To expand on this a bit, Romney is more likely to take urban republicans in greater numbers over suburban republicans. This is similar to in the general Obama is expected to take urban voters over suburban voters. I suspect this "analysis" could just as easily be done to show Obama "tampered" with votes after the general.

You gave a much better explanation, but in all seriousness folks, flag this story(I already have) and get it off the front page. It's nothing but pseudo statistics from someone who doesn't have a clue hoping to stir controversy over "evil republicans".


This isn't necessarily true. It's important not to conflate "small precinct" with "suburban/rural area" and "large precinct" with "urban area", since many rural precincts might have more voters than urban ones.

I wish someone would look at the underlying precinct data and redo this analysis while factoring in precinct population density.
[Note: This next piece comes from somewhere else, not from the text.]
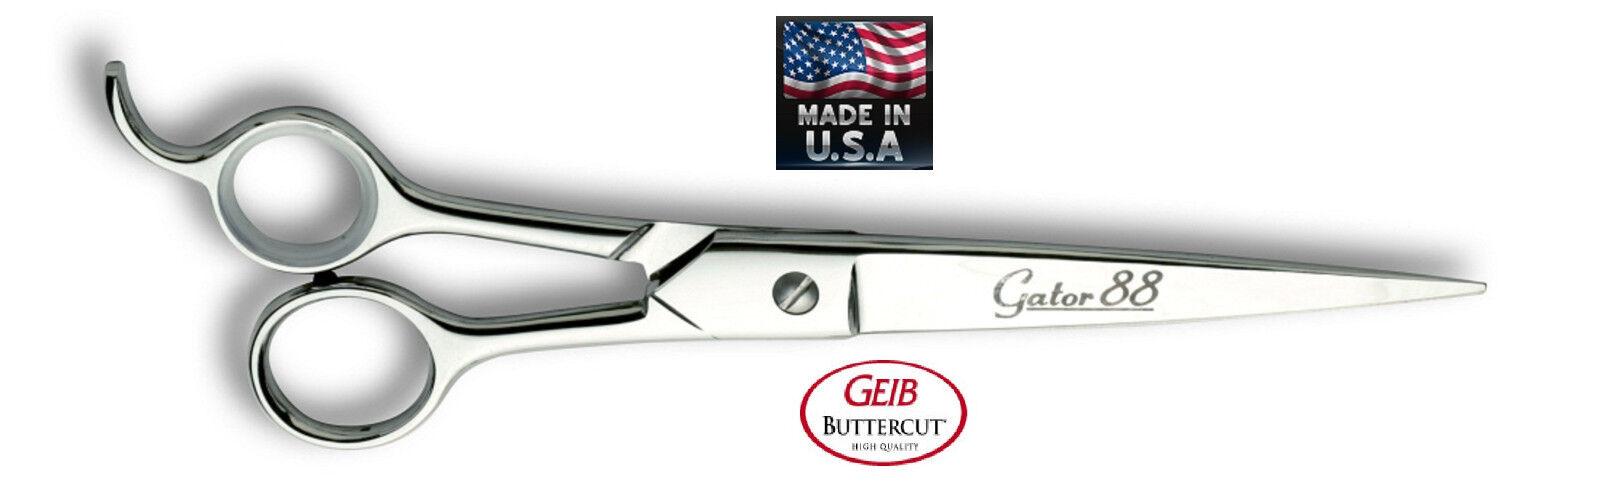 GEIB Buttercut GATOR 88 STRAIGHT PRO Shears 8 12 PET DOG CAT Grooming Scissors
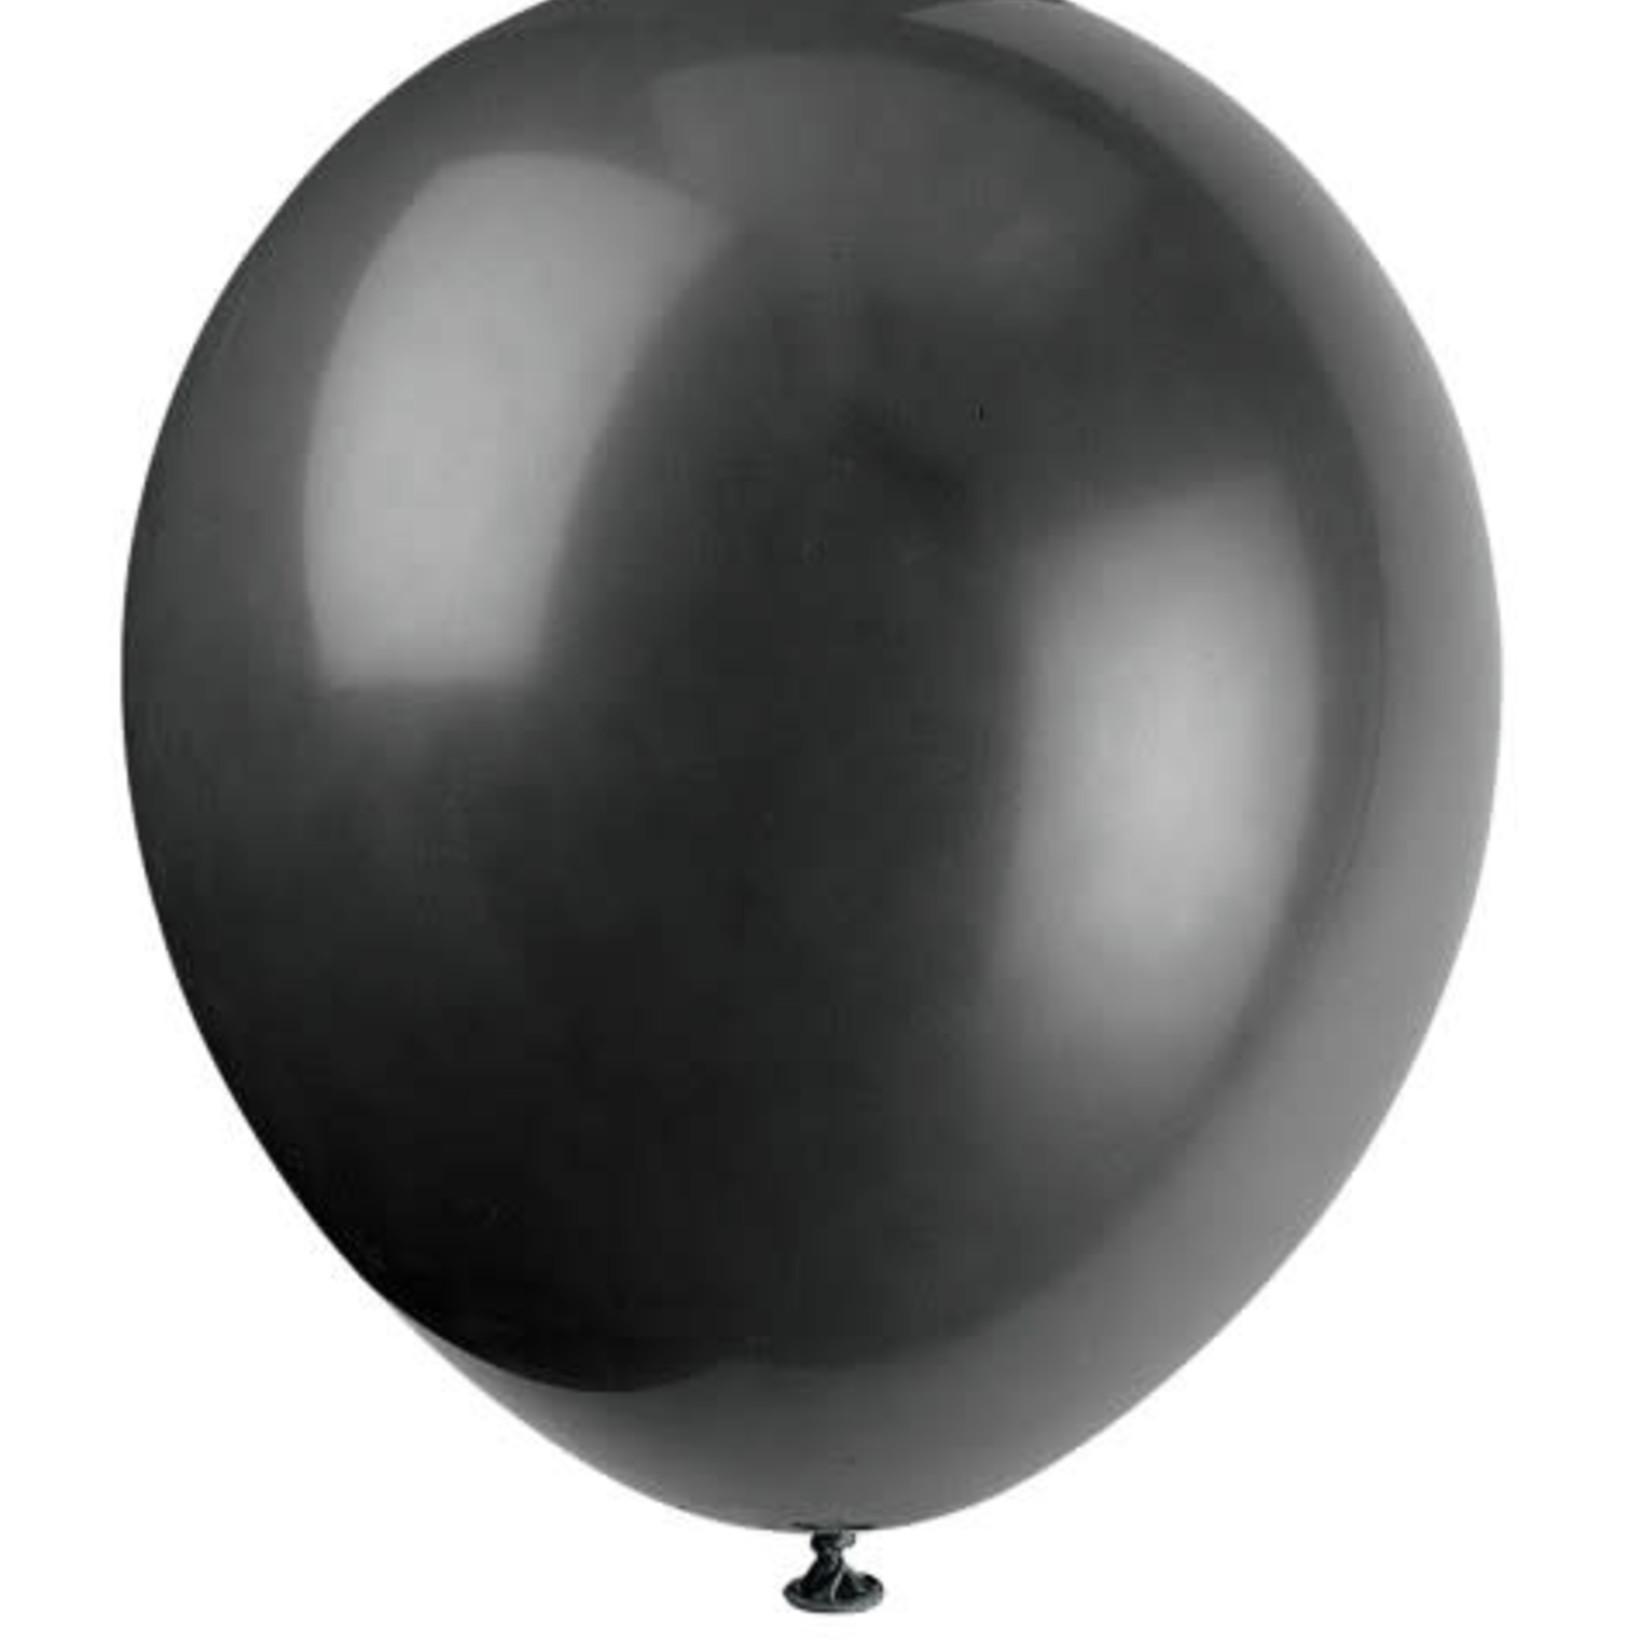 10 12'' JET BLACK BALLOONS

This isn't necessarily true. It's important not to conflate "small precinct" with "suburban/rural area" and "large precinct" with "urban area", since many rural precincts might have more voters than urban ones.

And in fact, the paper spends quite a bit of time addressing this.


The main problem of this paper seems to be 'publication bias.' I mean by this, given a number n of statisticians who look at a certain fair election. Each using n novel method. Then we expect ß n papers from it, given that ß is the chance of falsely rejecting the election as fair. Since each statistician uses a number of tests, which may or may not correlate with each other, it is very much impossible to determine sufficient level of certainty, without committing first to the statistical tests used.


Hacker News?


it relates to hacking elections.


And possibly in a much more traditional sense than that word's typical usage around HN!